I agree with Rick, Rebecca. Snapping turtles are large and usually very aggressive.

When taking a car for a test drive years ago, I took it out on a country blacktop and wound it up pretty fast. I briefly saw something in the road, but came upon it too fast to avoid it or even see what it was... but I hit it. I stopped, went back, and it was a snapper that I had just skimmed the top of the shell with the underside of my car. It was bleeding, but not a very bad injury. I grabbed it by the tail and dragged it off the road and finally across the grass and up to the tree line, when I gave up and let it go. It took several times of dragging, and then letting go, as it kept turning around trying to bite me. And it was hissing and growling pretty fiercely too. I figured it would probably live as it's injuries weren't that bad (from what I could tell); and for the fact that it was pretty darn feisty for being injured.

So maybe yours will heal and go on to live too. But it's hard to say, as how bad the injuries were is unknown. Take peace in the knowledge that considering the circumstances, you did all you could to help it.


----------



## ismart (Aug 4, 2009)

You really have the worst luck!  :lol:


----------



## hibiscusmile (Aug 4, 2009)

Well it was skinned up pretty bad, but not bleeding where it was running out of the shell. The only thing is it was only in the driveway about 10' and another 30 I could of had it in a stream.

Bad luck? no, I didnt get bit, so that was good, and the police and newsreporters and peta didn't happen upon me, so that was excellent luck! haha so now the rest of the story...

My liscense were expired 2 years ago. when I found out it was exp. It was to late to get it renewed without drivers test.... I chicken, cause I had back surgeries and cannot turn good to look over my sholder to see to park, so I havent went.
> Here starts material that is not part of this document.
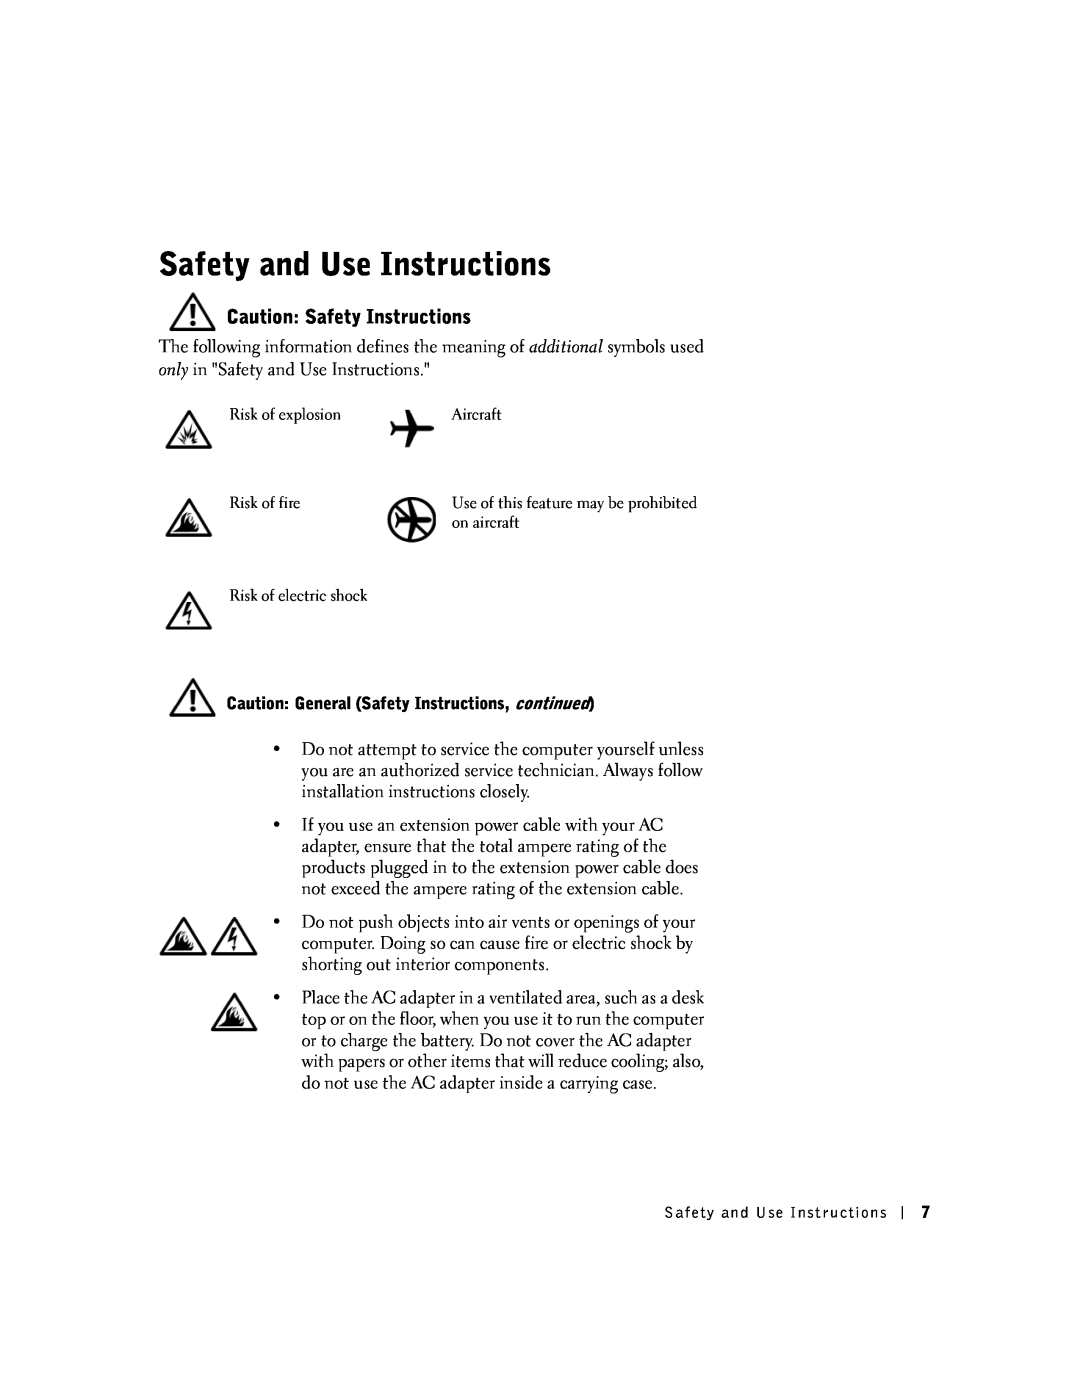 Dell 100N owner manual Safety and Use Instructions, Caution Safety Instructions

So while all this turtle havoc was happening, all I could see was, the police pulling up wondering if I was trying to steal a turtle from someones yard, and the new reporters coming to see what was going on and some one having a video of me throwing wet newspaper over its head and someone saying I ran it over and then calling peta and telling them they have a video of a pet store owner kicking a near dead turtle with her foot (which is only what I was trying to do to turn it over and roll it to the stream) and I am sure if anyone seen me it looked that way, and me jumping back cause it was trying to bite me, then arresting me for the littler the wet newspaper caused by blowing in the wind and abuse of a turtle and ..... so I think I was pretty lucky, oh yea and if anyone knows who she is please turn her into police and AMW!


----------



## Katnapper (Aug 4, 2009)

hibiscusmile said:


> Well it was skinned up pretty bad, but not bleeding where it was running out of the shell. The only thing is it was only in the driveway about 10' and another 30 I could of had it in a stream. Bad luck? no, I didnt get bit, so that was good, and the police and newsreporters and peta didn't happen upon me, so that was excellent luck! haha so now the rest of the story...
> 
> My liscense were expired 2 years ago. when I found out it was exp. It was to late to get it renewed without drivers test.... I chicken, cause I had back surgeries and cannot turn good to look over my sholder to see to park, so I havent went. So while all this turtle havoc was happening, all I could see was, the police pulling up wondering if I was trying to steal a turtle from someones yard, and the new reporters coming to see what was going on and some one having a video of me throwing wet newspaper over its head and someone saying I ran it over and then calling peta and telling them they have a video of a pet store owner kicking a near dead turtle with her foot (which is only what I was trying to do to turn it over and roll it to the stream) and I am sure if anyone seen me it looked that way, and me jumping back cause it was trying to bite me, then arresting me for the littler the wet newspaper caused by blowing in the wind and abuse of a turtle and ..... so I think I was pretty lucky, oh yea and if anyone knows who she is please turn her into police and AMW!


 :huh: :lol:


----------